For safety reasons, everyone should already be removing all of your overburden and tailings in a responsible manner. That obviously means not throwing them down the hill, but also if someone takes an additional moment to carefully remove them and place them in “best case scenario new locations” as in pulling out a boulder and not just rolling it out of your hole aimlessly, but manually lifting it and carrying it over to a flat spot on the mountain a few feet away from your workspace where you know it will not be a tripping or rolling hazard in the future for others, you can actually start to re-terraform a bit of the mountain. You can get pretty creative with how you give back to the mountain that by the end of the day hopefully showed you some amazing mineralization.

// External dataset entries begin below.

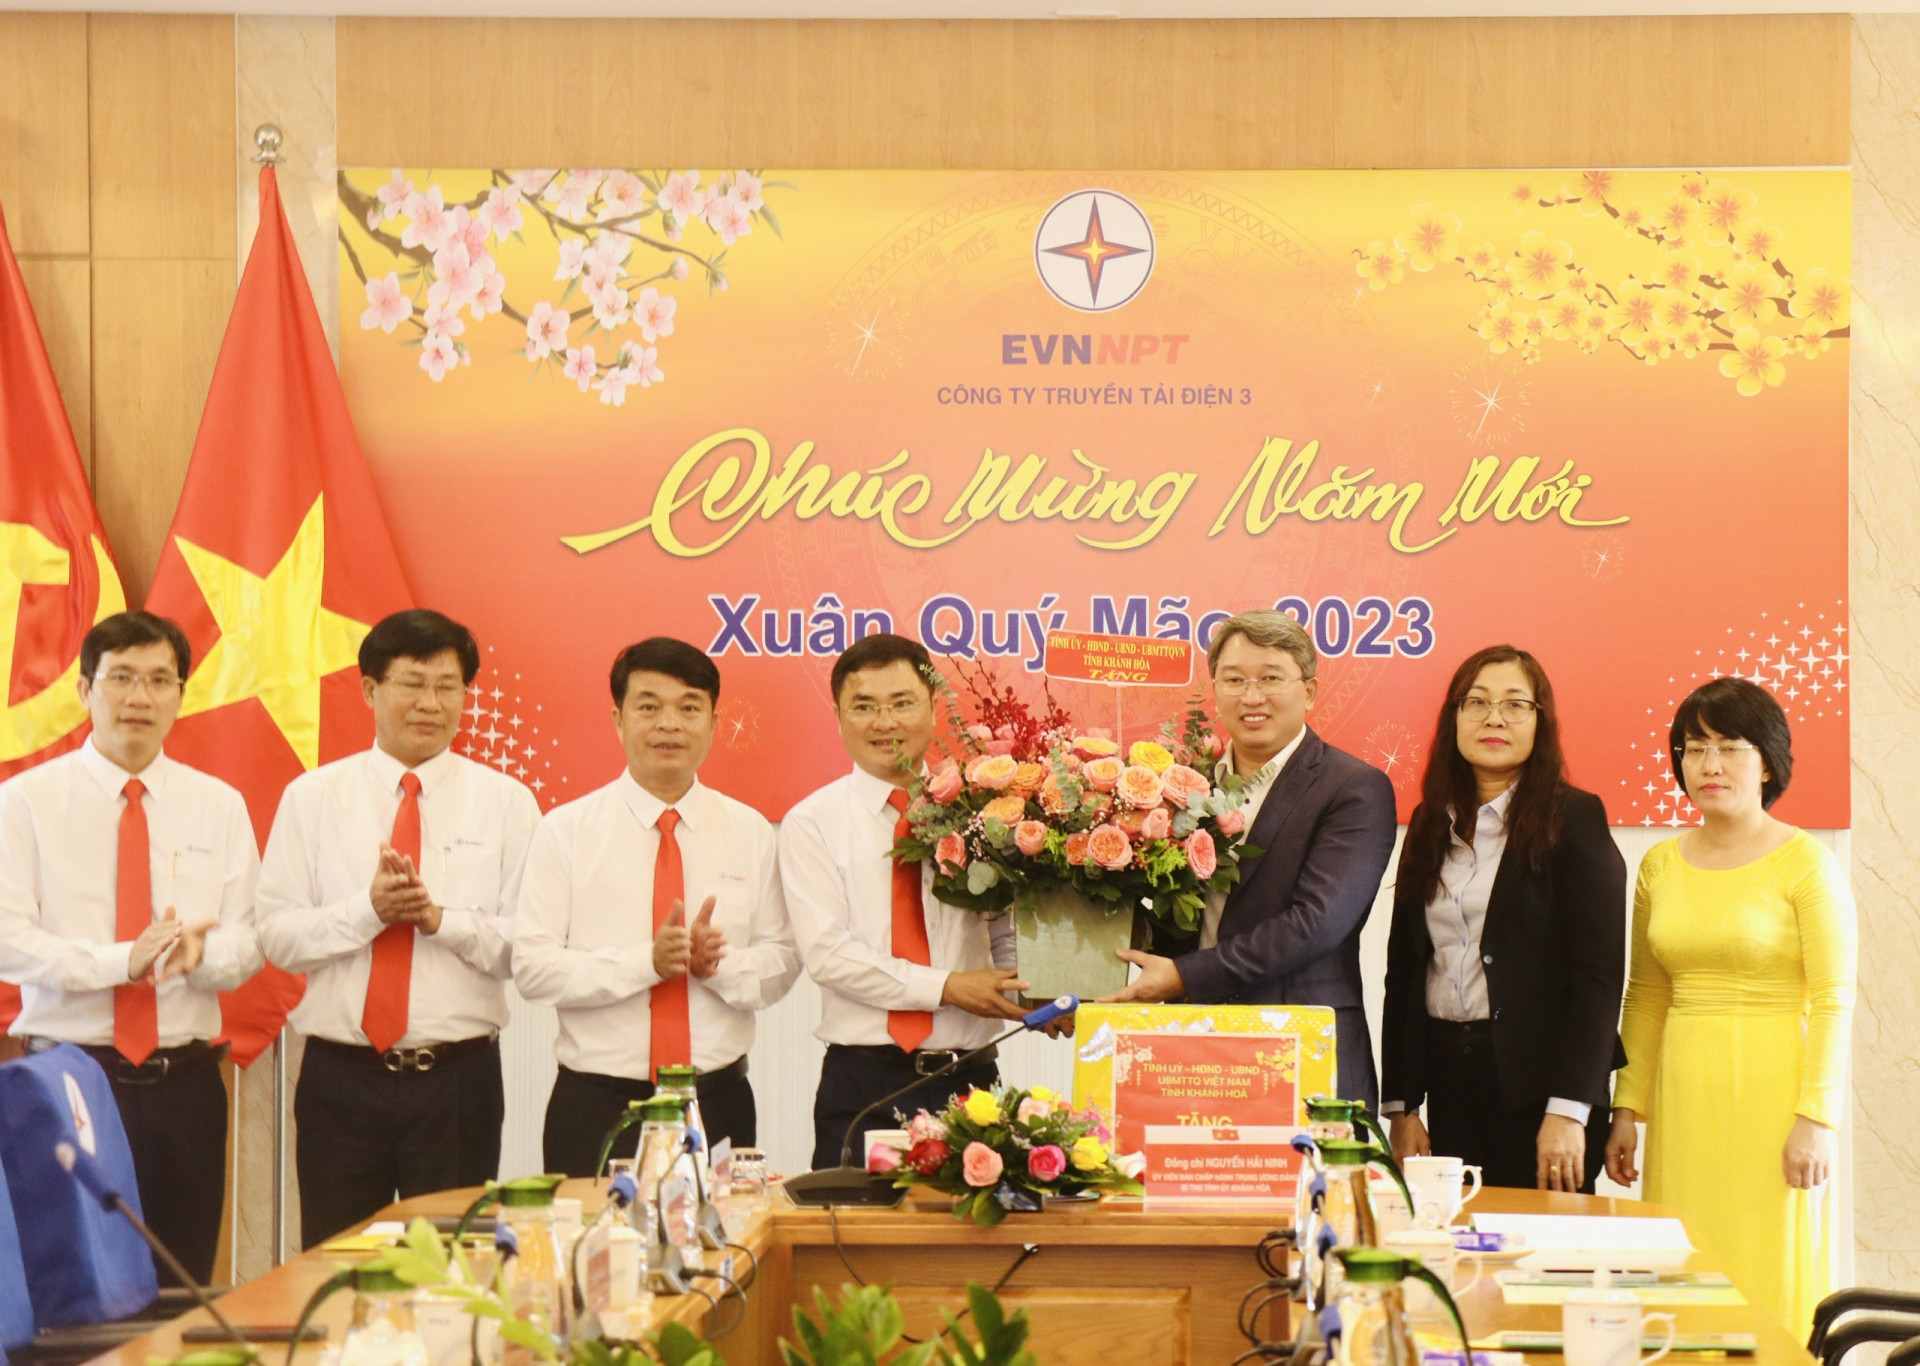 Bí thư Tỉnh ủy Nguyễn Hải Ninh tặng hoa, quà cho cán bộ, nhân viên Công ty Truyền tải Điện 3
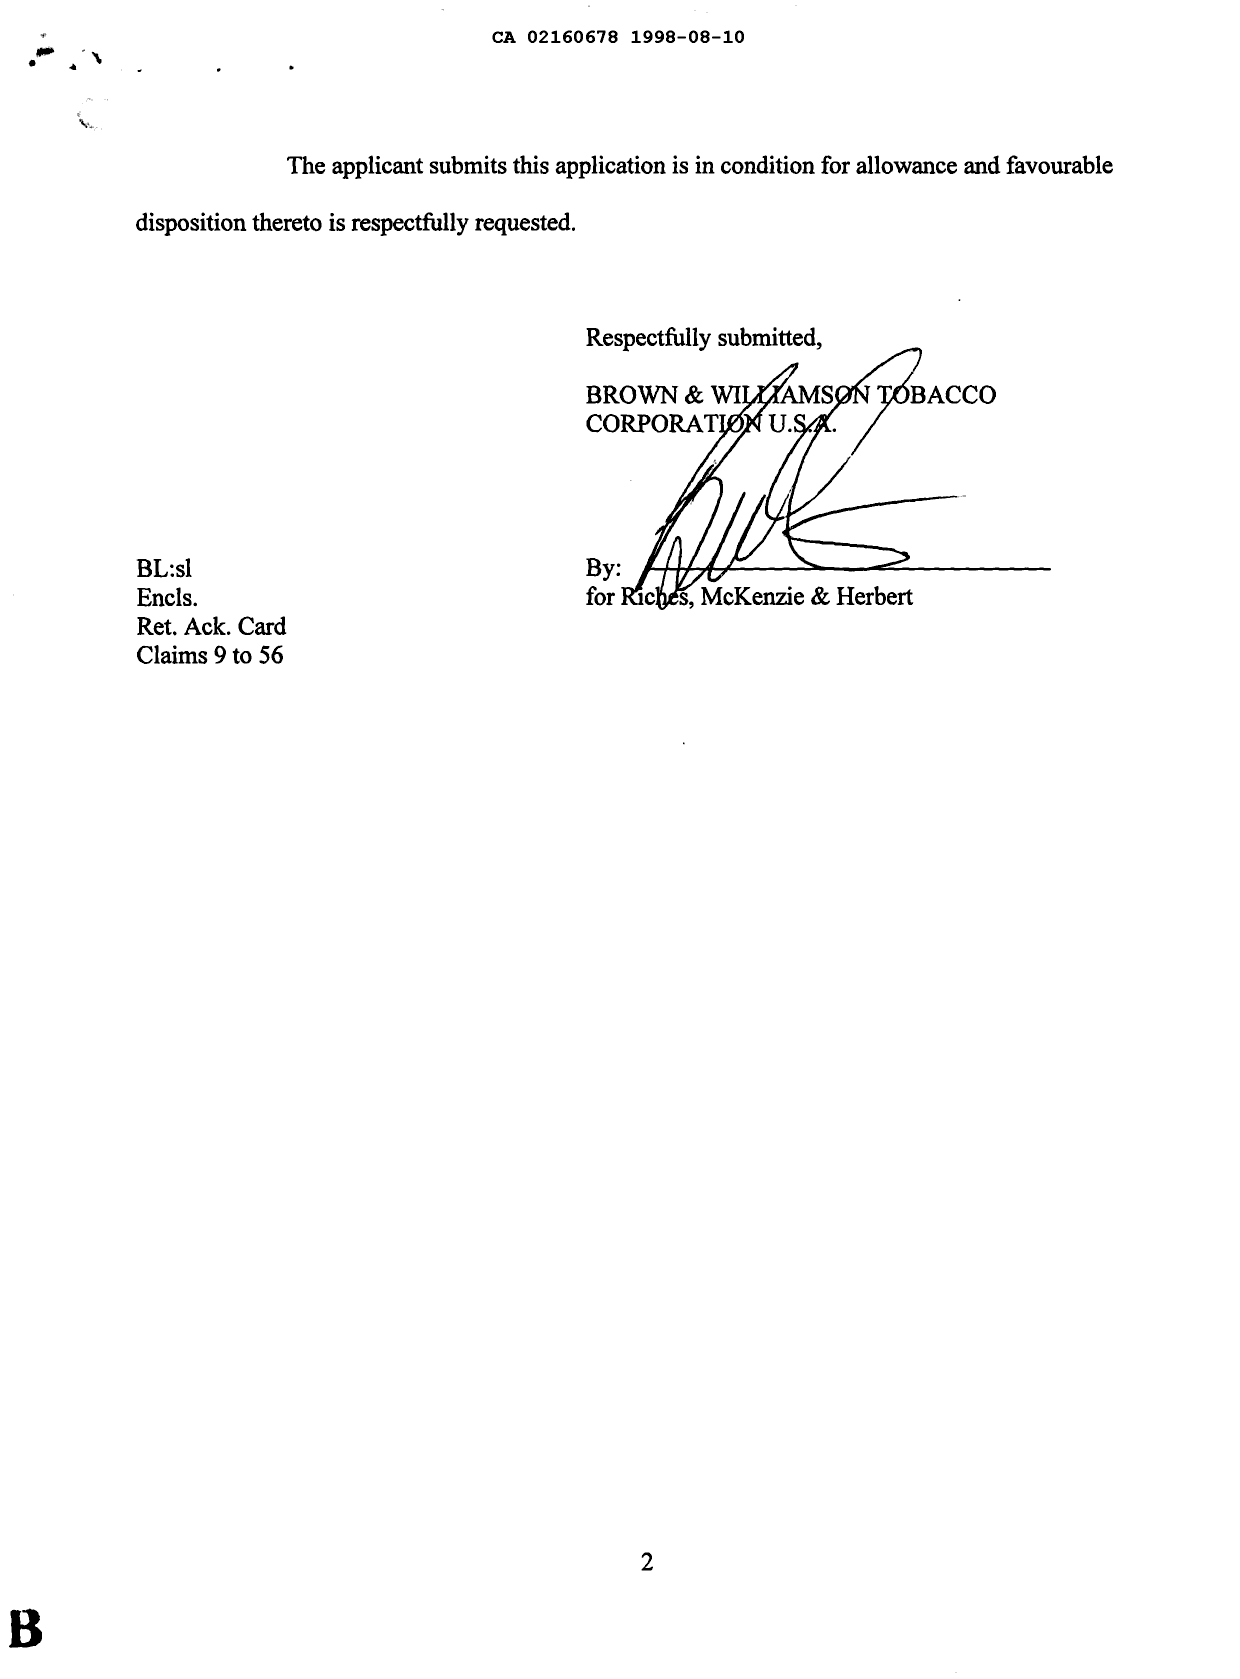 Document de brevet canadien 2160678. Poursuite-Amendment 19980810. Image 2 de 2
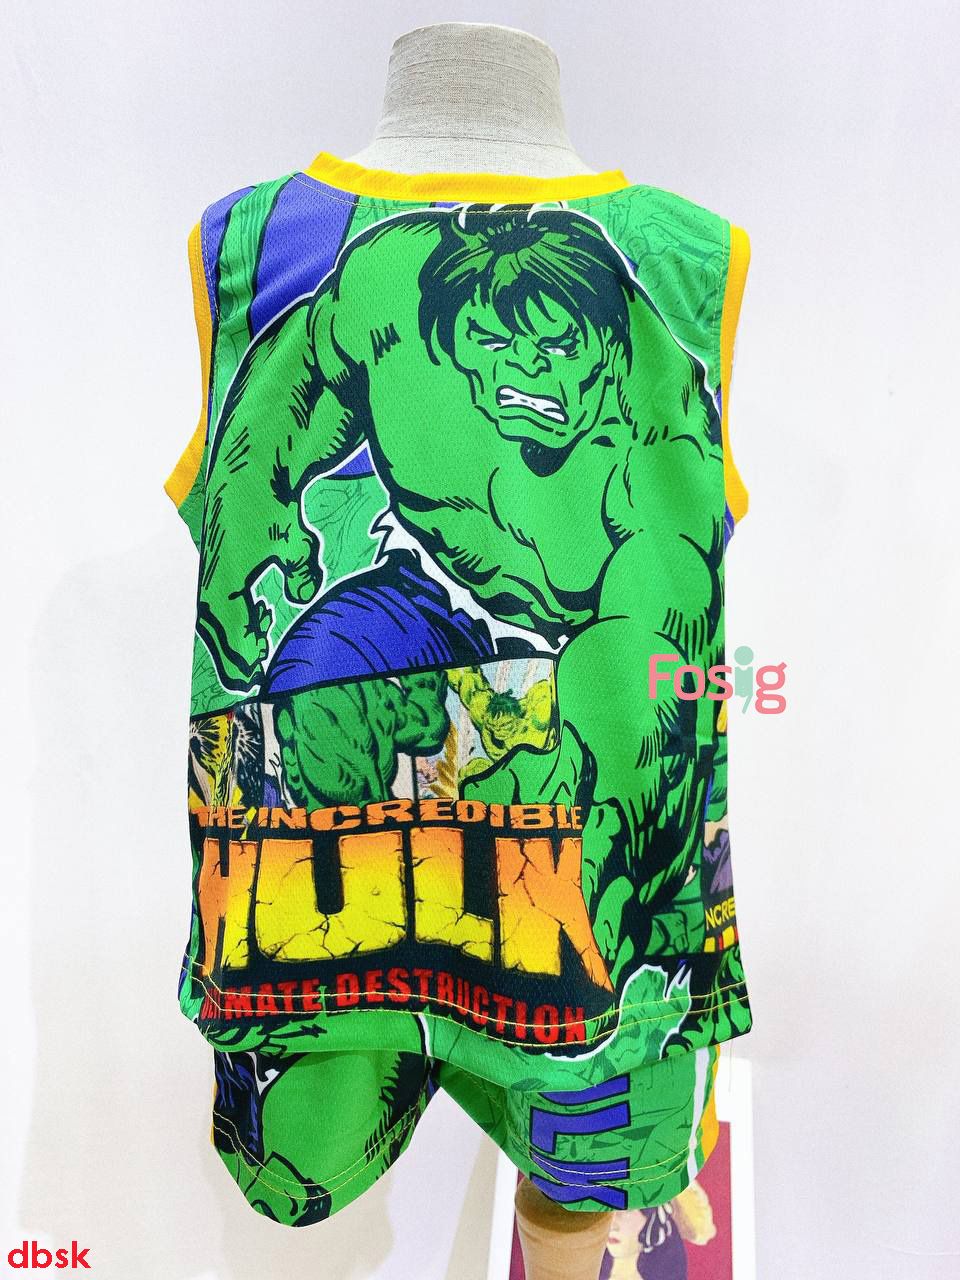  [16-19kg, 25-26kg] Set Đồ Bộ Ngắn 3 Lỗ Bé Trai SK - Hulk 
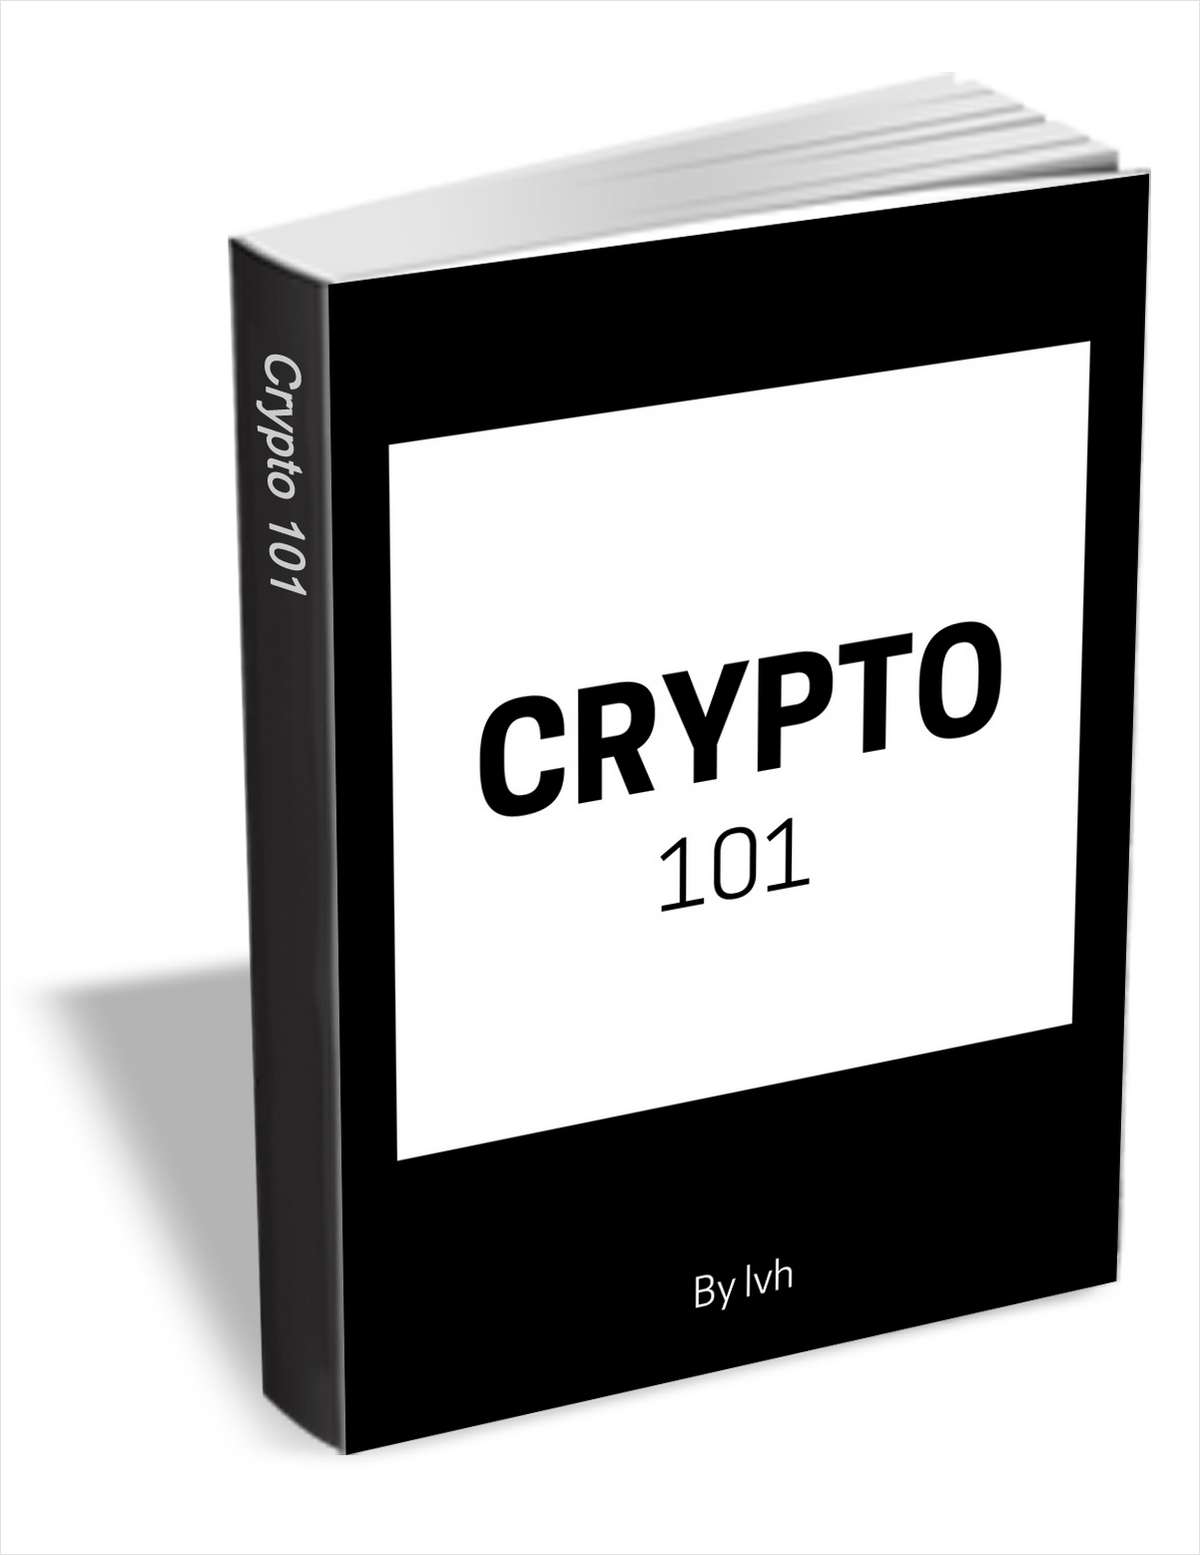 crypto 101 insider.com

Getting lost on the way back is also a major safety hazard with a trip to Hansen. When you are working your way up the mountain and exploring on the way to finding wherever you will end up mining, you can take steps like even something as simple as turning around and looking at what going the other direction on your way back will look like. You can even turn around and take a picture of the reverse angle multiple times culminating in a visual story trail that you can reference back to on the way out. Another reason (it is really the number one reason) I put up that caution tape box was for lost first timers (it even happens to people who feel familiar with the mountain and have been there a few times) who cannot find the start of the trail you need to take back down to where everyone parks. This type of forest is a chaotic visual mess where everything starts to look similar and it is very easy to get lost. When someone is tired at the end of the day, carrying heavy gear or collection buckets, making their way back down unfamiliar steep terrain littered with loose material, ankle breaking holes, sharp broken remnants of dead trees (hopefully also not in dying light, leave early that first time) is when there is the most chance of getting injured. People have the tendency to get a little hurried which could inevitably lead to recklessness on the way back out at the end of the day. The feeling of “well we are done, and we are almost back” is when people can sometimes really let their caution down. Just take your time, remember there is no rush, and while you are walking out you can think ahead to all the fun you will have cleaning the new minerals you just found.

Remember this is just chapter one of things you need to know to have that great Hansen experience, but everyone has to start somewhere. Hopefully this helps keep some people safe, at the same time they can appreciate the excitement of mining crystals from the earth for the first time.

Thanks everyone and have fun out there!